You’ve probably heard someone say this – Jane Austen isn’t a great writer because she somehow managed to ignore the great events of her day like Waterloo and only wrote about domestic matters – little local problems, first-world problems, women’s stuff. Turns out she wasn’t Thackeray, and she wasn’t Dickens. Weirdly, she’s not Martin Amis, Virginia Woolf, Raymond Chandler or E L James either.

This is such a dumb criticism and here are a few reasons why people say this dumb thing :

Sexism

Clearly this is basically a sexist criticism, because it implies that a woman writing about her own concerns – the concerns of her class, of the people around of her, of her gender – is not important, not valuable, not what life’s really about.

Bad news-ist

It privileges a view of the world in which what matters are the sort of things that get reported on the news – even though by simple statistics, only a very few of these events actually affect the daily lives of any of us at one time (please don’t flame me about climate change etc -you know what I’m trying to say here). Most of us are kind of just getting on with incredibly mundane, yet to us, important activities. [NB this doesn’t ignore the great suffering of many people in the world – but this criticism of Jane Austen doesn’t usually come from a Syrian refugee or a London homeless person; it usually comes from a smart ass college student]

Historically narrow

The idea that history is (only) the history of kings, generals and wars, mass movements etc. rather than, you know, people. People including categories like poor people, or shopkeepers, or children, or musicians, people trying to live in the circumstances they’re in, people like…erm…women?

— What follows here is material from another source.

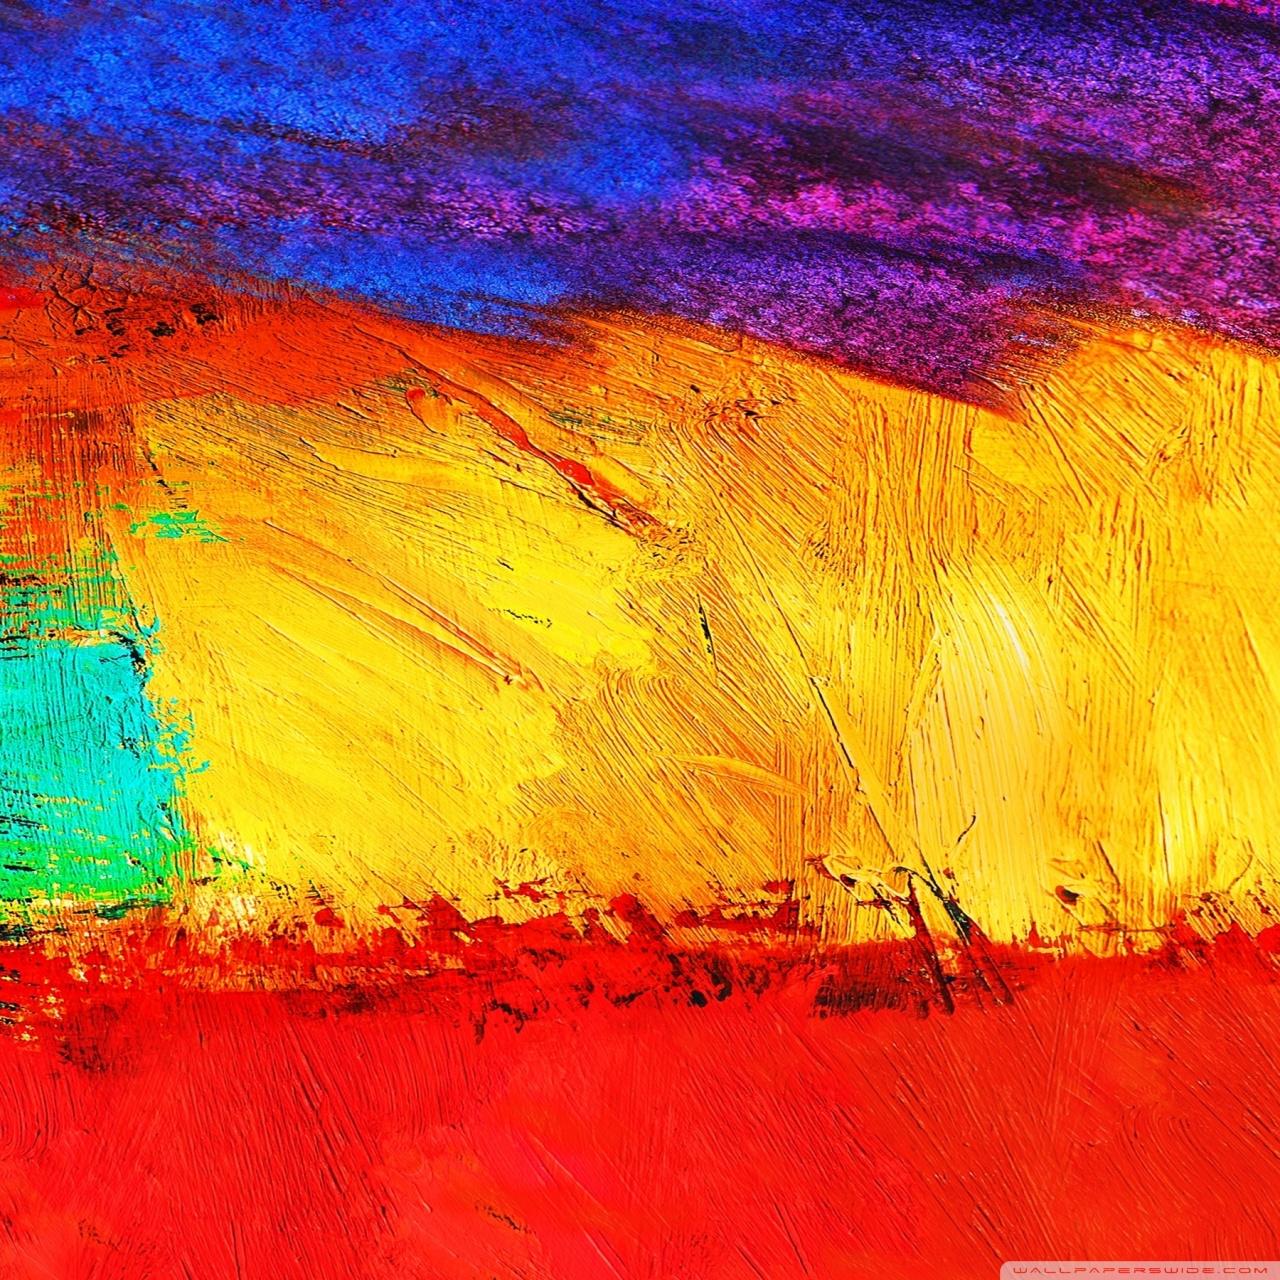 Ipad Samsung Galaxy Note 908041 Hd Wallpaper Backgrounds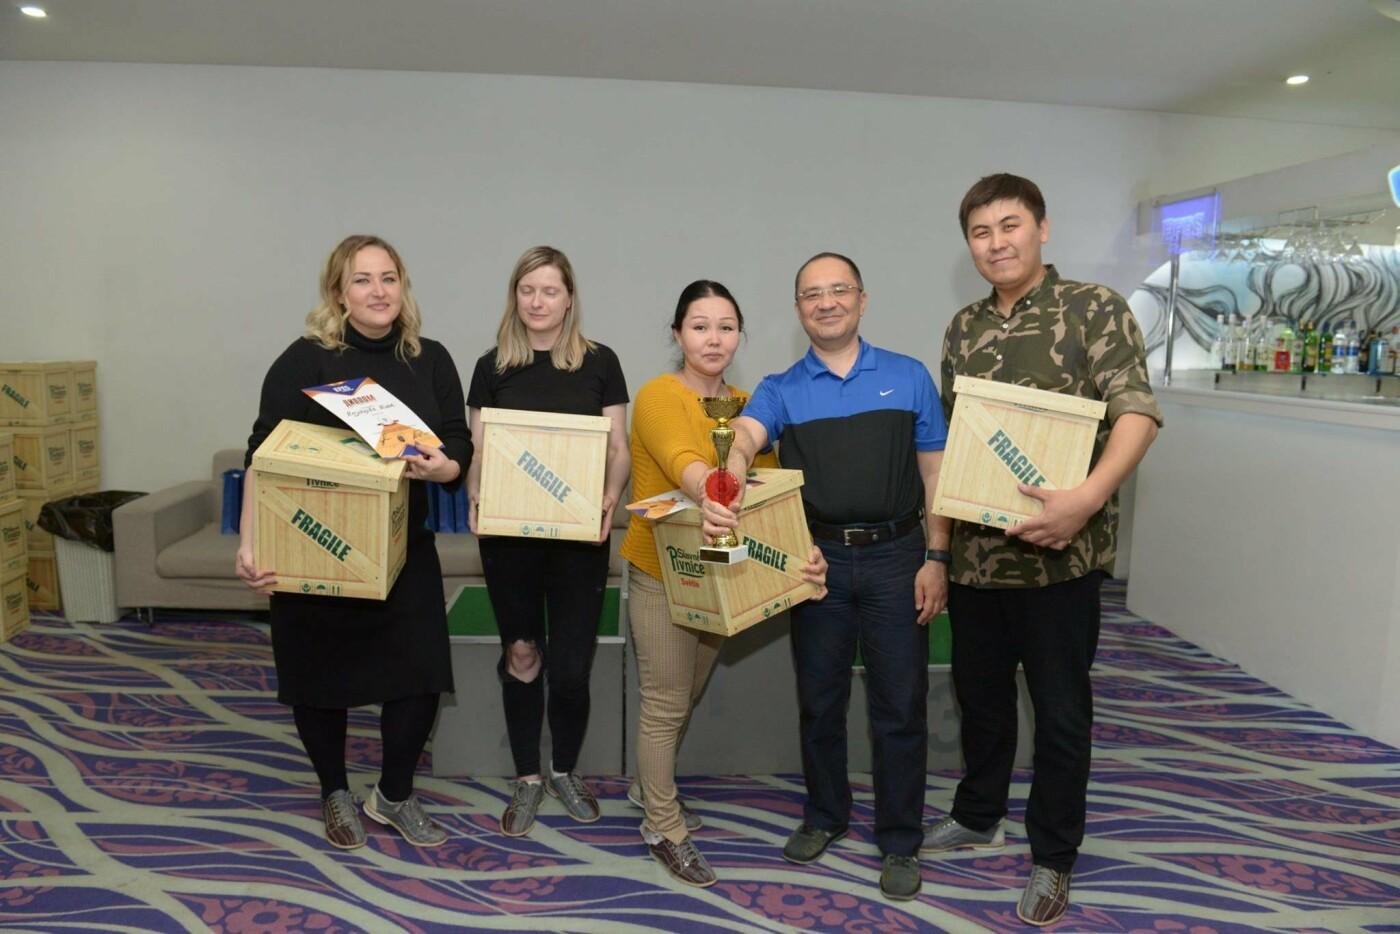 II турнир по боулингу среди журналистов прошел в Алматы (ФОТО), фото-20

Lack of understanding of the artistic process

Artists create art (perhaps we’ll stick with literature for the moment) for all sorts of reasons, but usually it is not to present a balanced, historically accurate view of the time they’re living in. I don’t go for the whole ‘write what you know’ scenario –  Tolstoy didn’t know Napoleon’s attack on Russia from personal experience for example, but War and Peace ain’t a bad book. Likewise, if you read Austen’s biographies and letters, in fact the people she was writing about led a very different life to hers – mostly up a class or two. People create art because something matters to them – it may or may not matter to you, in which case, read something else.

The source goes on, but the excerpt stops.